What central question does internal validity ask about an experiment?
Whether the observed differences in the dependent variable were caused by manipulation of the independent variable rather than by some extraneous factor, allowing a true causal inference.
Give an example of a “history” threat to internal validity.
Any event occurring between the pre-test and post-test besides the treatment—e.g., an economic recession, war, or school closure due to COVID-19—that could influence participants’ scores and mimic a treatment effect.
What is the statistical regression (regression to the mean) threat and when is it likely to appear?
It is the tendency for extreme scores on an initial measurement to move closer to the average on a second measurement when the measure is less than perfectly reliable; it often appears when groups are chosen for very high or very low initial scores.
Why is selection considered a threat to internal validity, and how does it arise?
Because outcome differences may stem from pre-existing group differences rather than the treatment; it arises when participants are non-randomly assigned, producing unequal groups from the outset.
Which experimental design practice is recommended to control threats like selection and selection-by-interaction?
Random assignment of participants (and/or of experimental conditions) to the different groups.
What does construct validity evaluate in a study?
Whether the operational definitions used truly represent the theoretical constructs and whether the observed causal link can be generalised from the measured variables to the underlying concepts.
According to the lecture, how can you distinguish between an artifact and a confound?
An artifact is an alternative explanation that can be easily isolated and manipulated independently of the main independent variable, whereas a confound is an inseparable component of the manipulation that offers an alternative theoretical explanation (e.g., experimenter or participant expectations).
Define external validity and cite one specific interaction that can threaten it.
External validity is the ability to generalise research findings across populations, settings, times and situations; one threat is the interaction of selection and treatment, where results apply only to participants who were initially motivated, skilled, or otherwise unrepresentative.
In statistical conclusion validity, what are Type I and Type II errors?
A Type I error is falsely concluding that a relationship exists when it does not (false positive), whereas a Type II error is failing to detect a real relationship (false negative).
What is the definition of measurement validity?
The extent to which a measurement tool actually measures the theoretical construct it is intended to measure.
Why do social scientists create operational definitions for theoretical concepts?
Because theoretical constructs cannot be directly observed or measured, operational definitions translate them into observable indicators so they can be studied empirically.
Which self-report questionnaire is commonly used as an operational measure of depression in research?
The Beck Depression Inventory (BDI).
What does face validity evaluate in a measurement instrument?
Whether, on its surface, the instrument appears to measure the intended variable.
Who typically judges face validity?
Experts, judges, or the participants themselves based on logic and common sense rather than statistics.
Does establishing face validity require statistical analysis?
No.

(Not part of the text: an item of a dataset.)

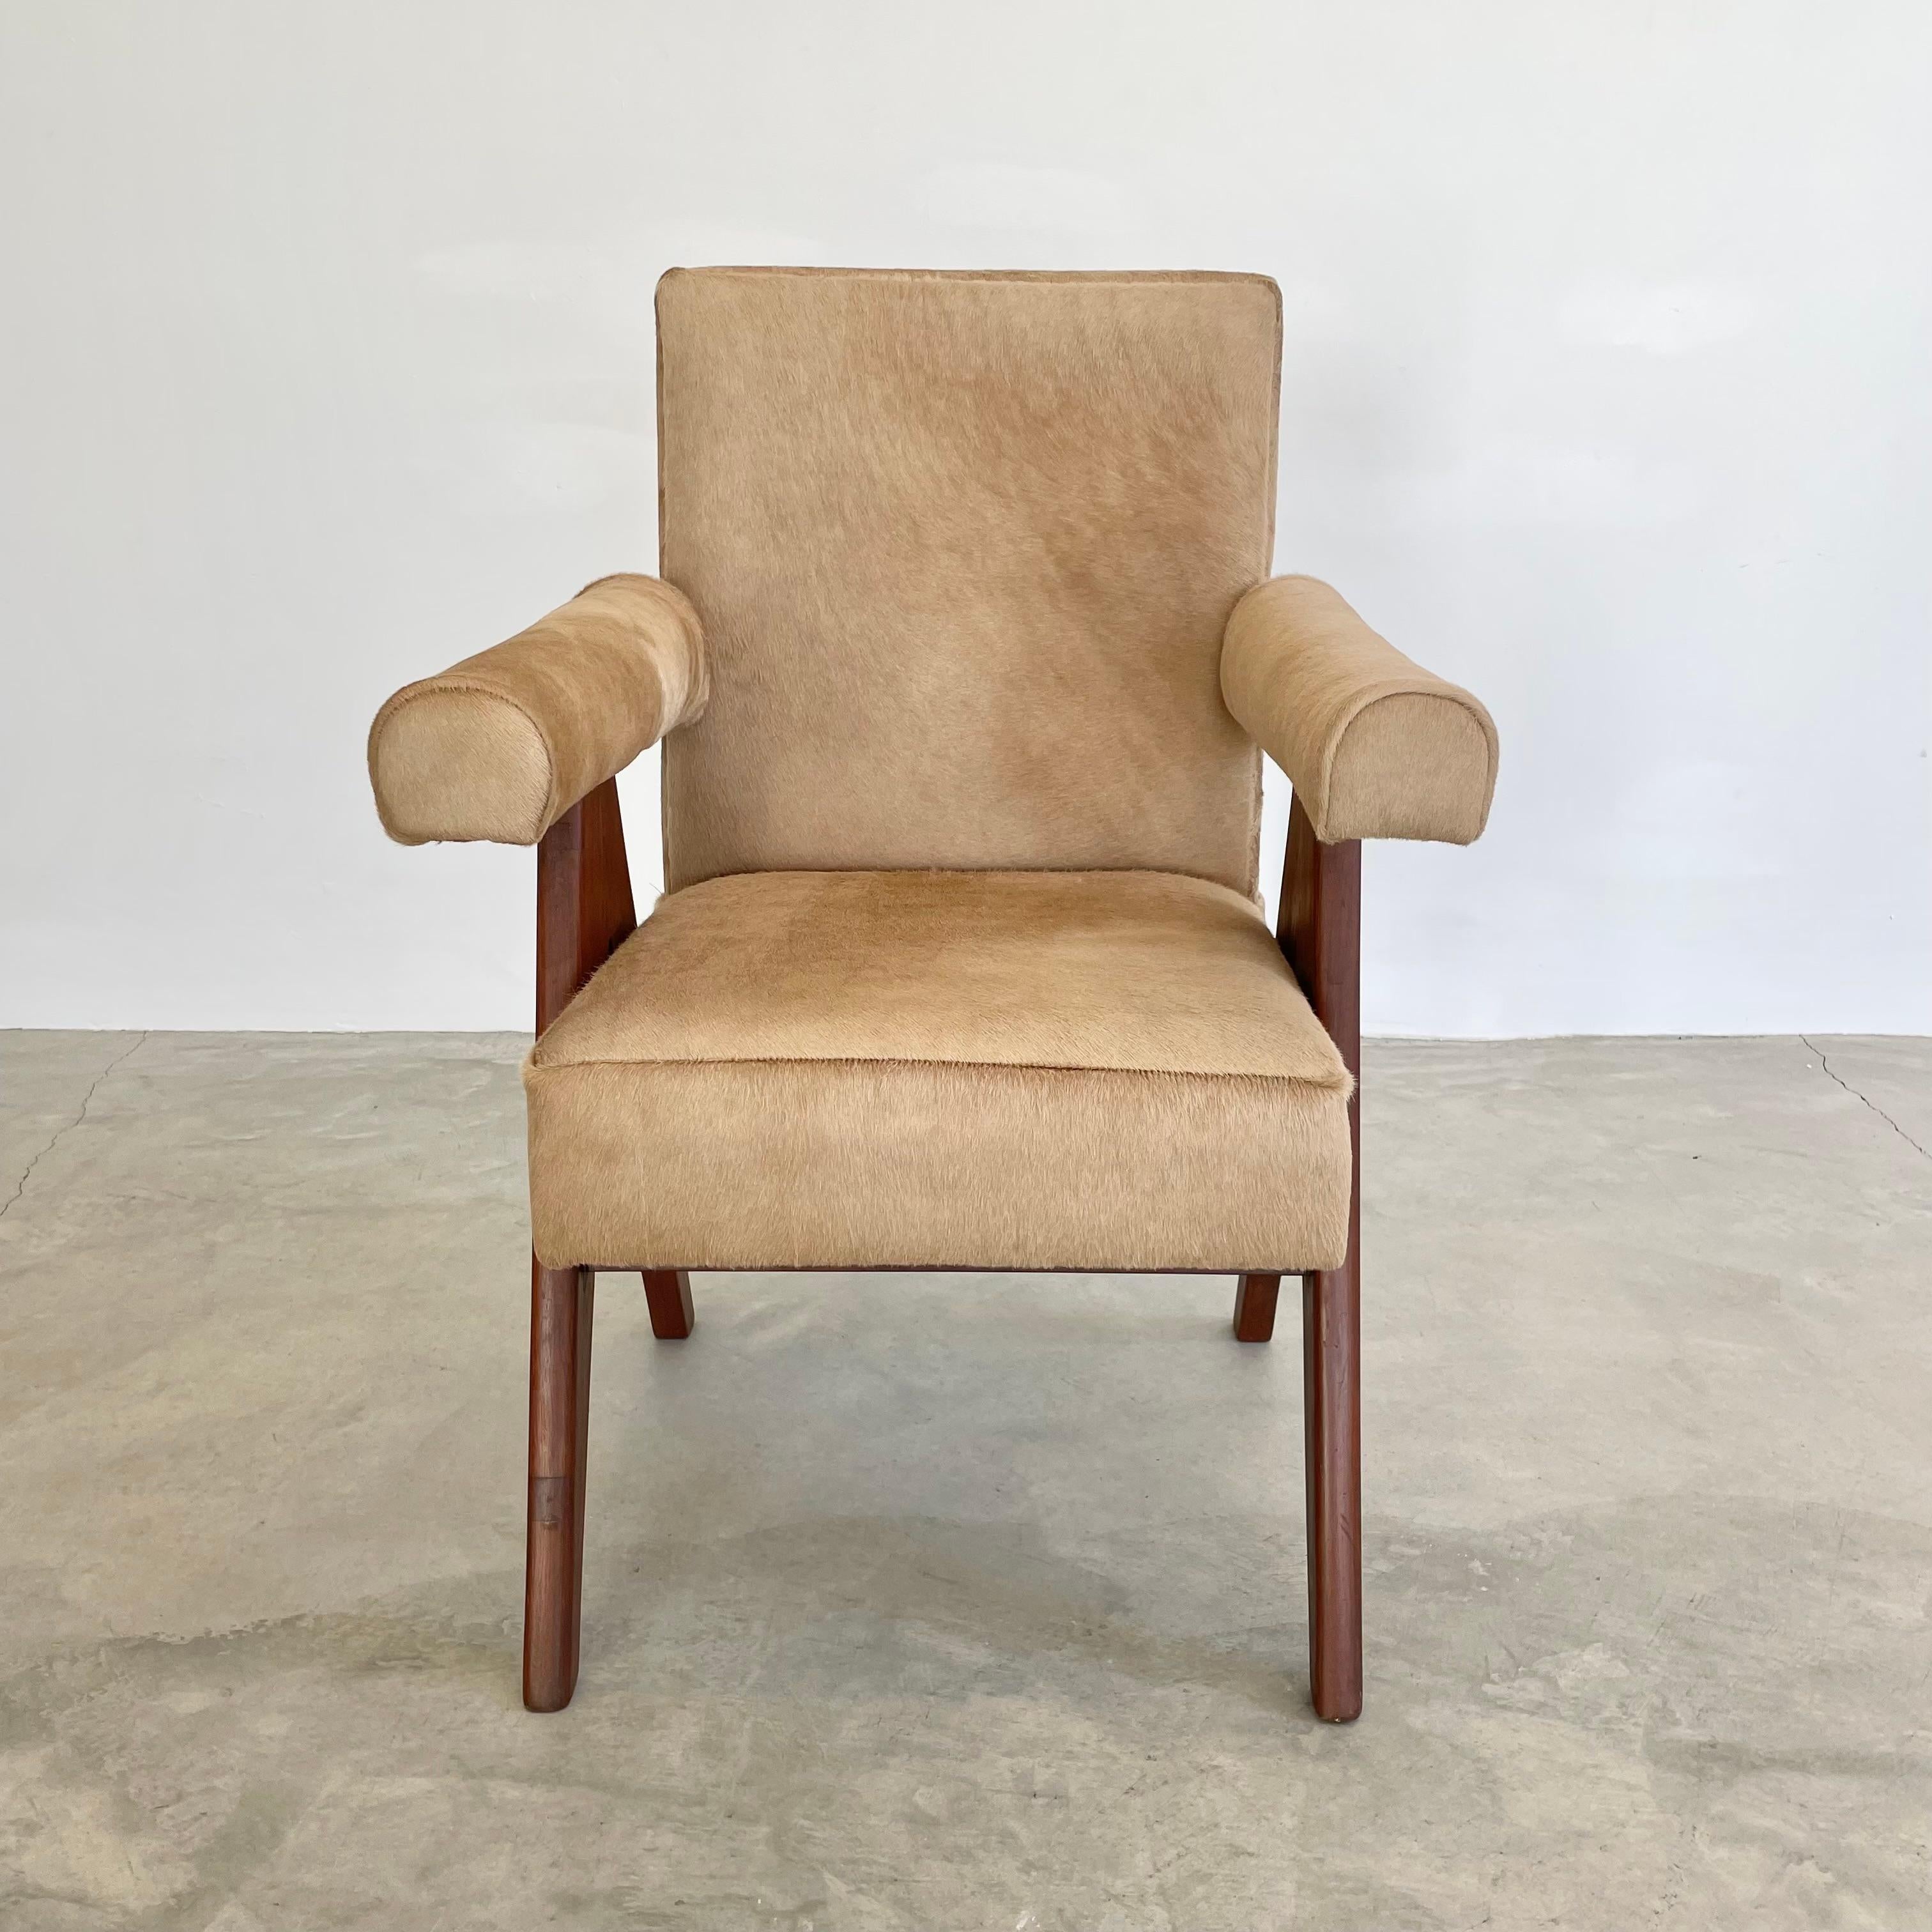 Superbe chaise sénatoriale en teck entièrement retapissée dans une peau de vache cappuccino, conçue par Pierre Jeanneret pour Chandigargh. Siège moelleux reposant sur deux

It is based on subjective impressions and logical assessment.
Can an instrument possess true validity even when face validity is low? Give an example.
Yes; for example, the Rorschach test or eye-movement measures during sleep may be valid despite lacking obvious face validity.
What is reactivity in the context of measurement?
A situation in which the act of measuring changes the behavior or responses being measured.
How can high face validity increase reactivity?
When participants easily see what is being measured, their awareness can alter their behavior and thus bias the results.